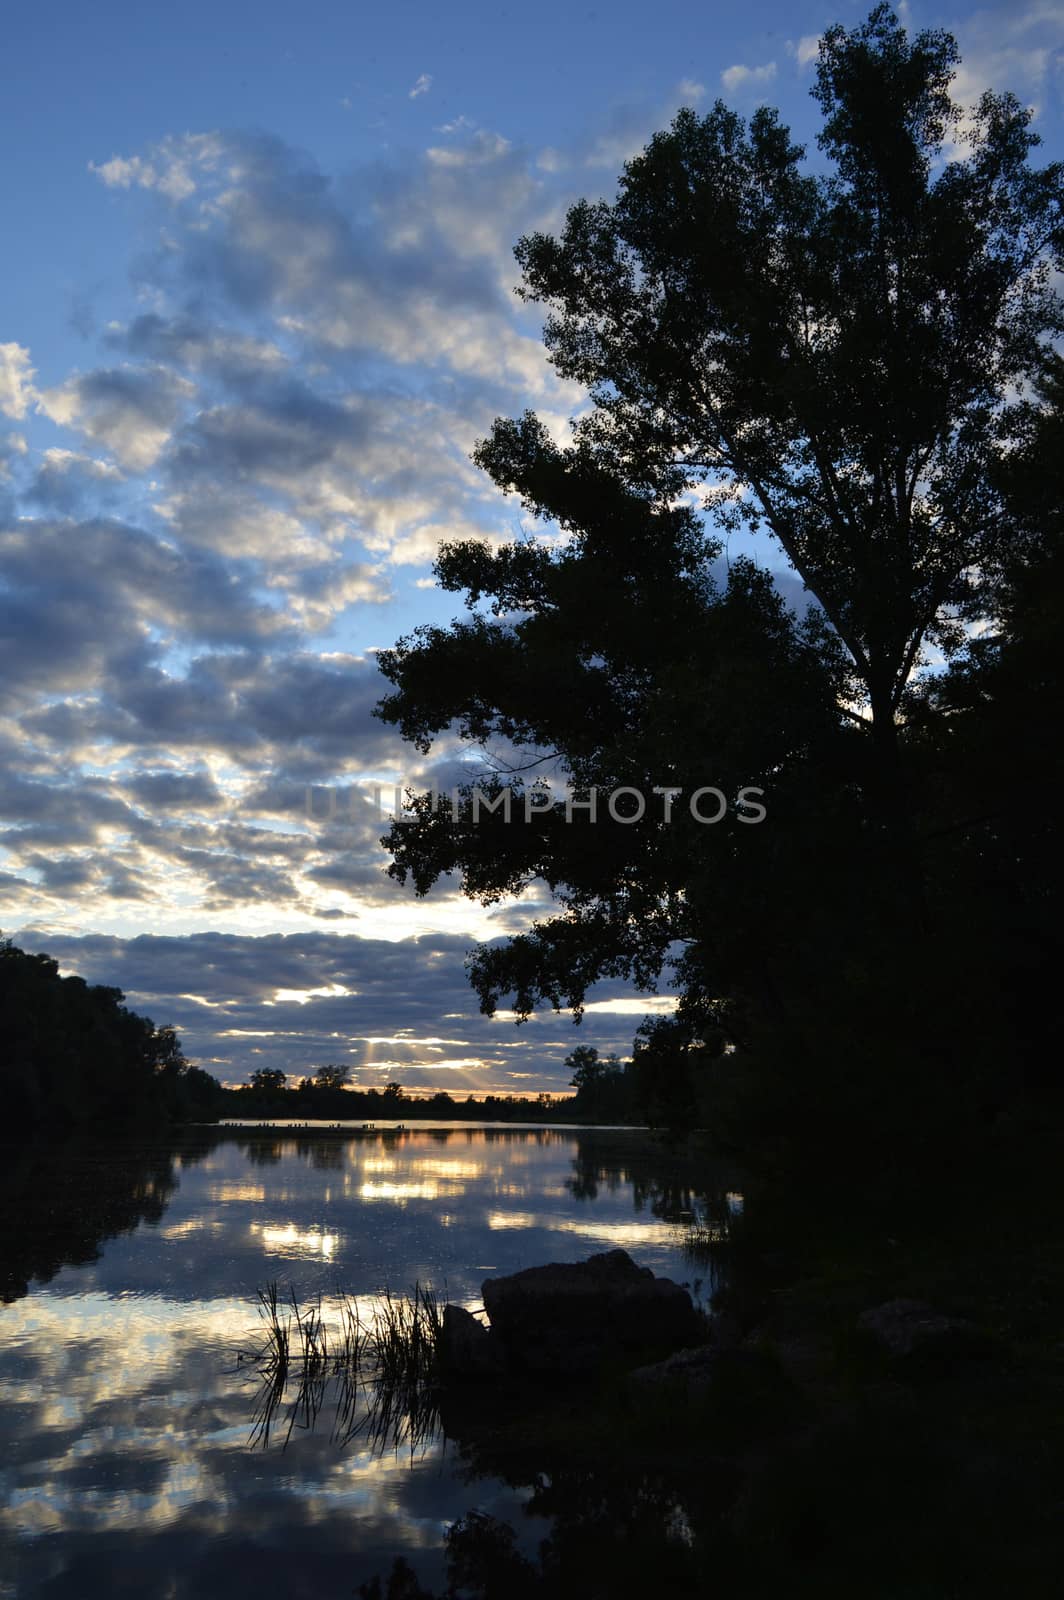 beautiful evening landscape with river
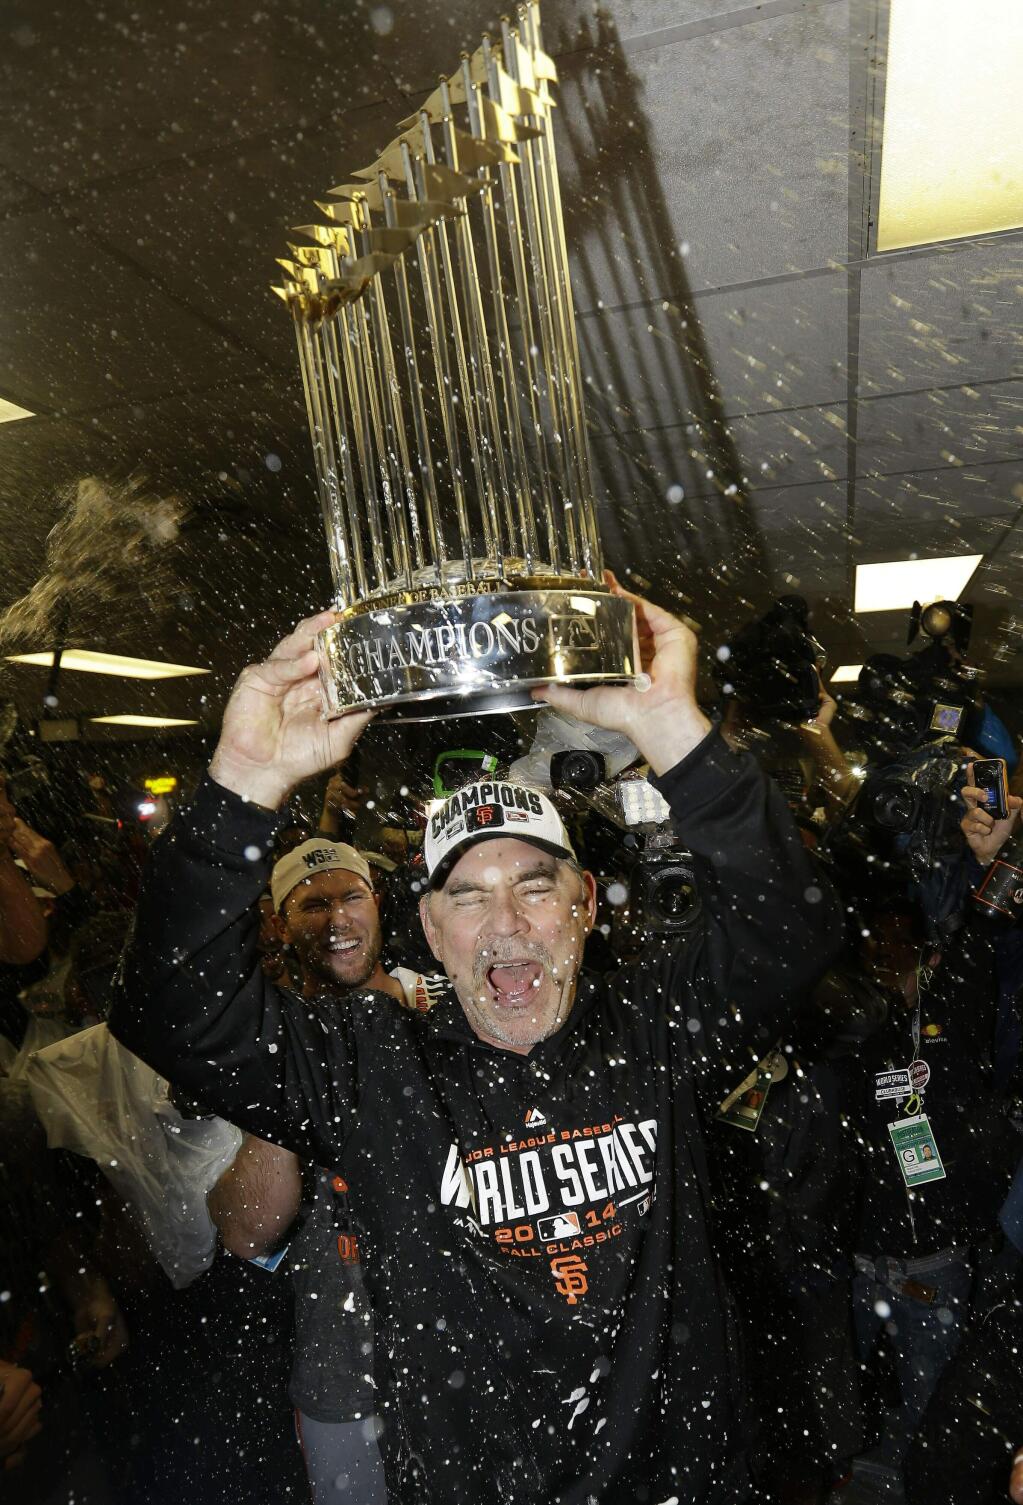 FILE - In this Oct. 29, 2014, file photo, San Francisco Giants manager Bruce Bochy celebrates after Game 7 of baseball's World Series against the Kansas City Royals, in Kansas City, Mo. Bochy says he will retire after this season, his 25th as a big league manager. Bochy says he told the team of his decision on Monday, Feb. 18, 2019. (AP Photo/David J. Phillip, File)
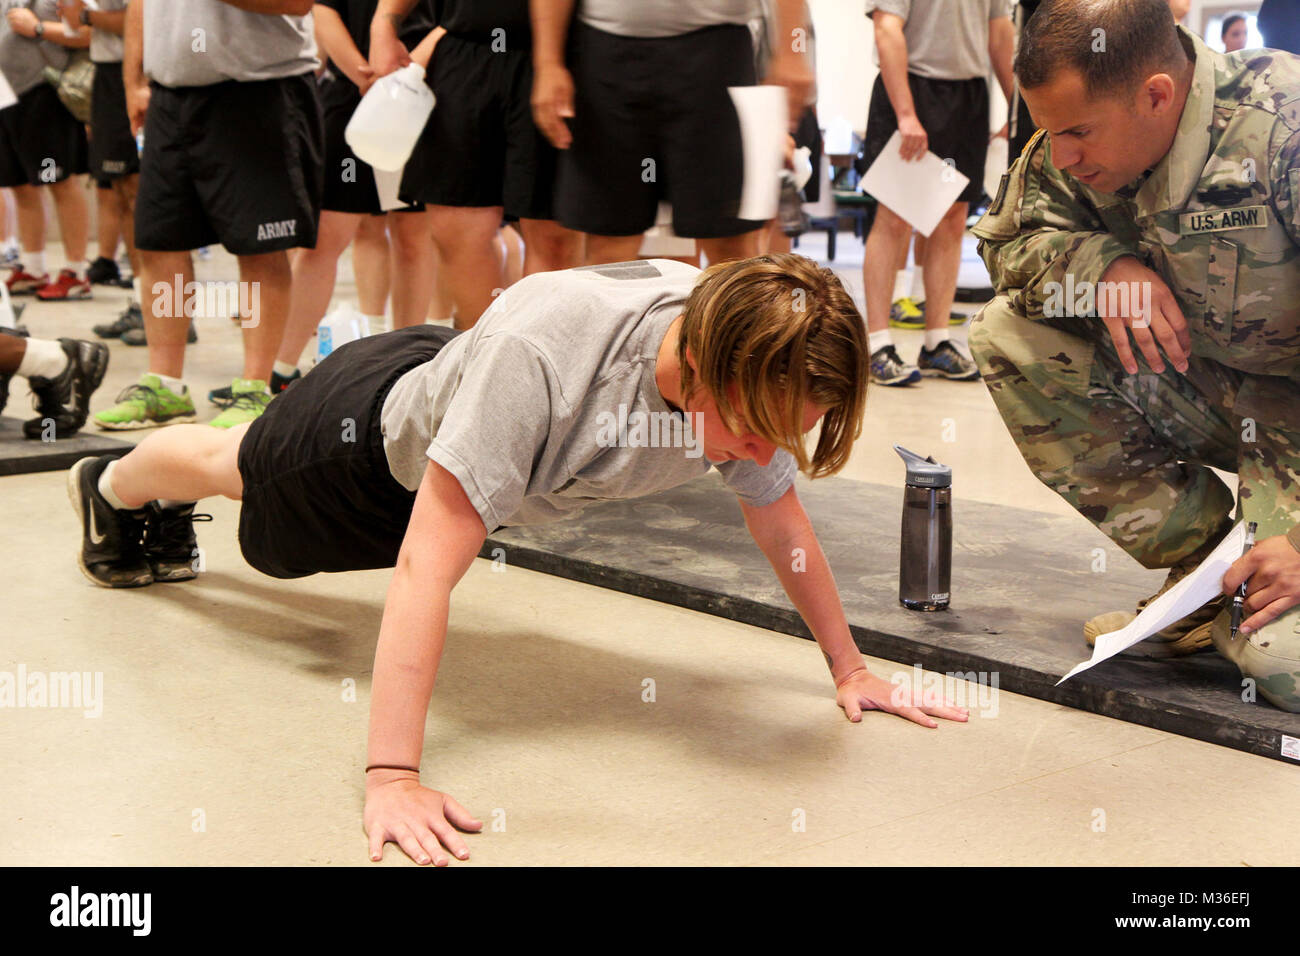 FT. INDIANTOWN GAP, PA- Army Spc. Katelyn Loveland, assigned to the 2nd Squadron, 104th Cavalry, 56th Brigade, 28th Infantry Division, a participant in the Fitness Improvement Training Program Plus (FIT-P+) and a native of Baltimore, Md., performs push ups during an Army Physical Fitness Test while her grader, Sgt. 1st Class Victor Arocho observes Aug. 19, 2016. Loveland said she enjoyed learning about the areas in her lifestyle that needed healthy changes, such as calorie intake portion control. (U.S. Army National Guard photo by Sgt. 1st Class HollyAnn Nicom, 109th Mobile Public Affairs Deta Stock Photo
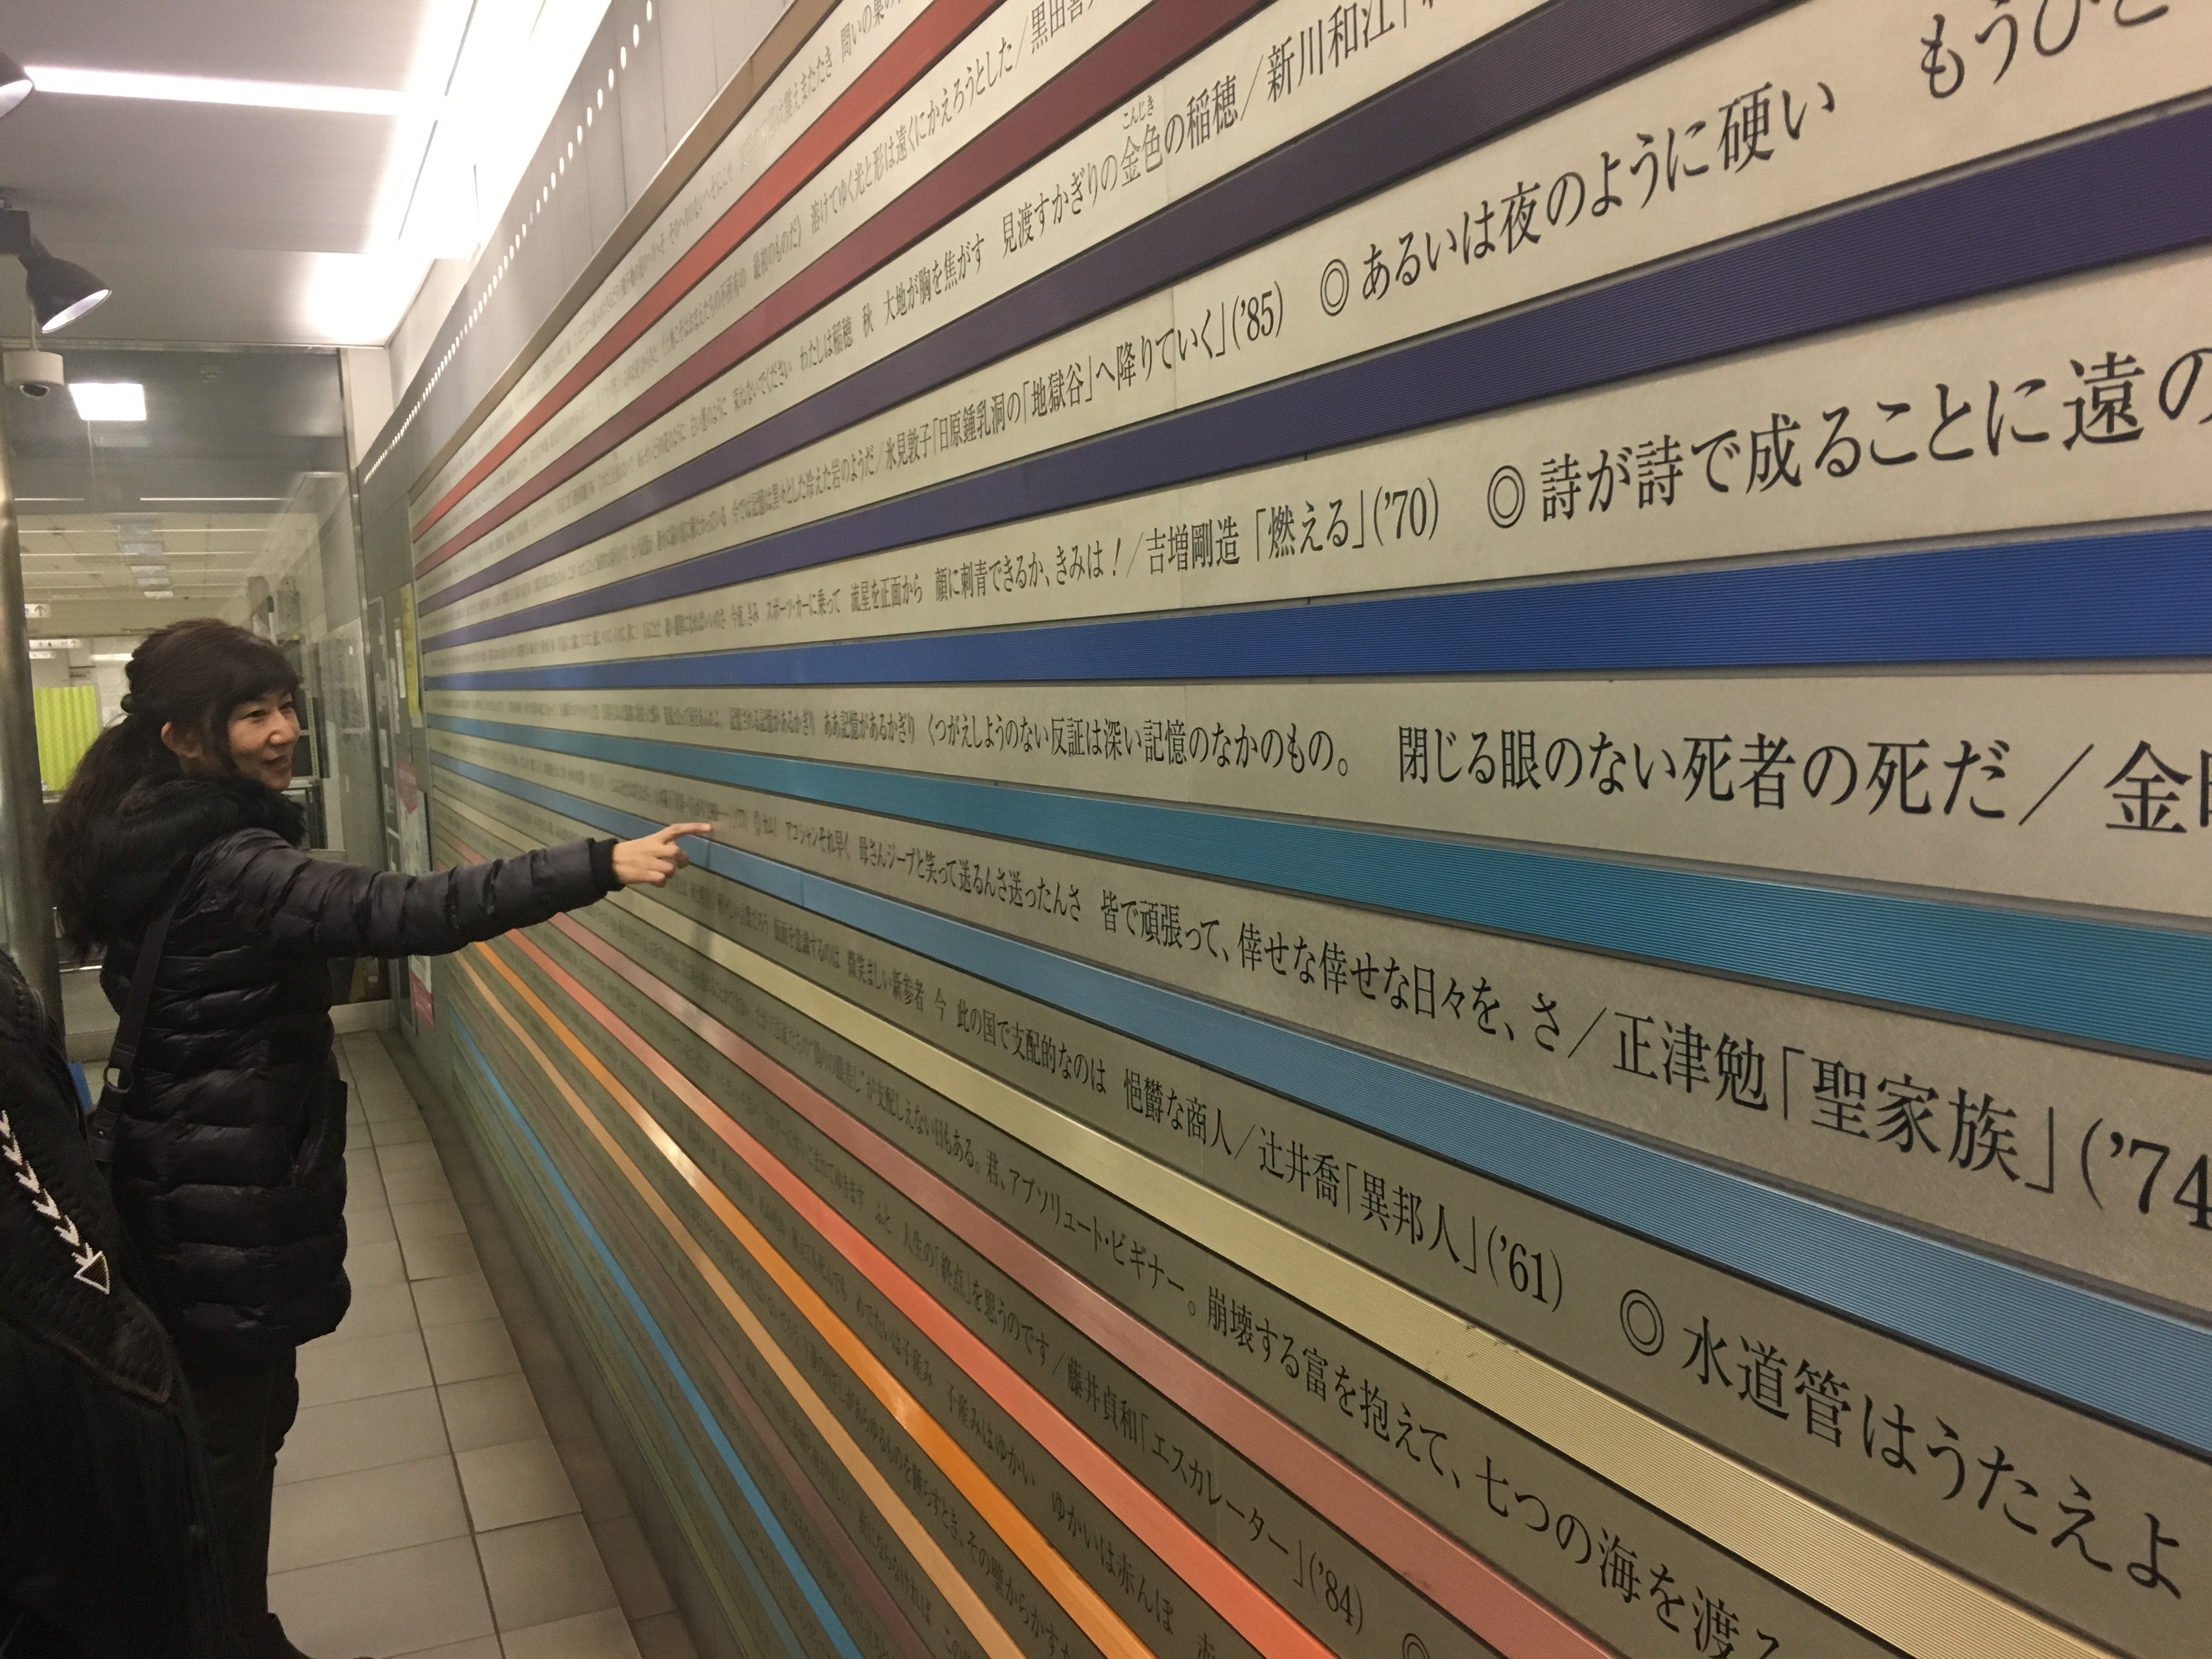 Professor Kazuyo Kubo looks at poetry printed on the walls of a subway station. Between each line is a band of color.

++++++++

_Action item_
From the line containing "FT. INDIANTOWN GAP, PA- Army" down to the last line of the data, print every line exactly and nothing else. Pictures stay out of the copy.

_Response_
 FT. INDIANTOWN GAP, PA- Army Spc. Katelyn Loveland, assigned to the 2nd Squadron, 104th Cavalry, 56th Brigade, 28th Infantry Division, a participant in the Fitness Improvement Training Program Plus (FIT-P+) and a native of Baltimore, Md., performs push ups during an Army Physical Fitness Test while her grader, Sgt. 1st Class Victor Arocho observes Aug. 19, 2016. Loveland said she enjoyed learning about the areas in her lifestyle that needed healthy changes, such as calorie intake portion control. (U.S. Army National Guard photo by Sgt. 1st Class HollyAnn Nicom, 109th Mobile Public Affairs Deta Stock Photo
 Professor Kazuyo Kubo looks at poetry printed on the walls of a subway station. Between each line is a band of color.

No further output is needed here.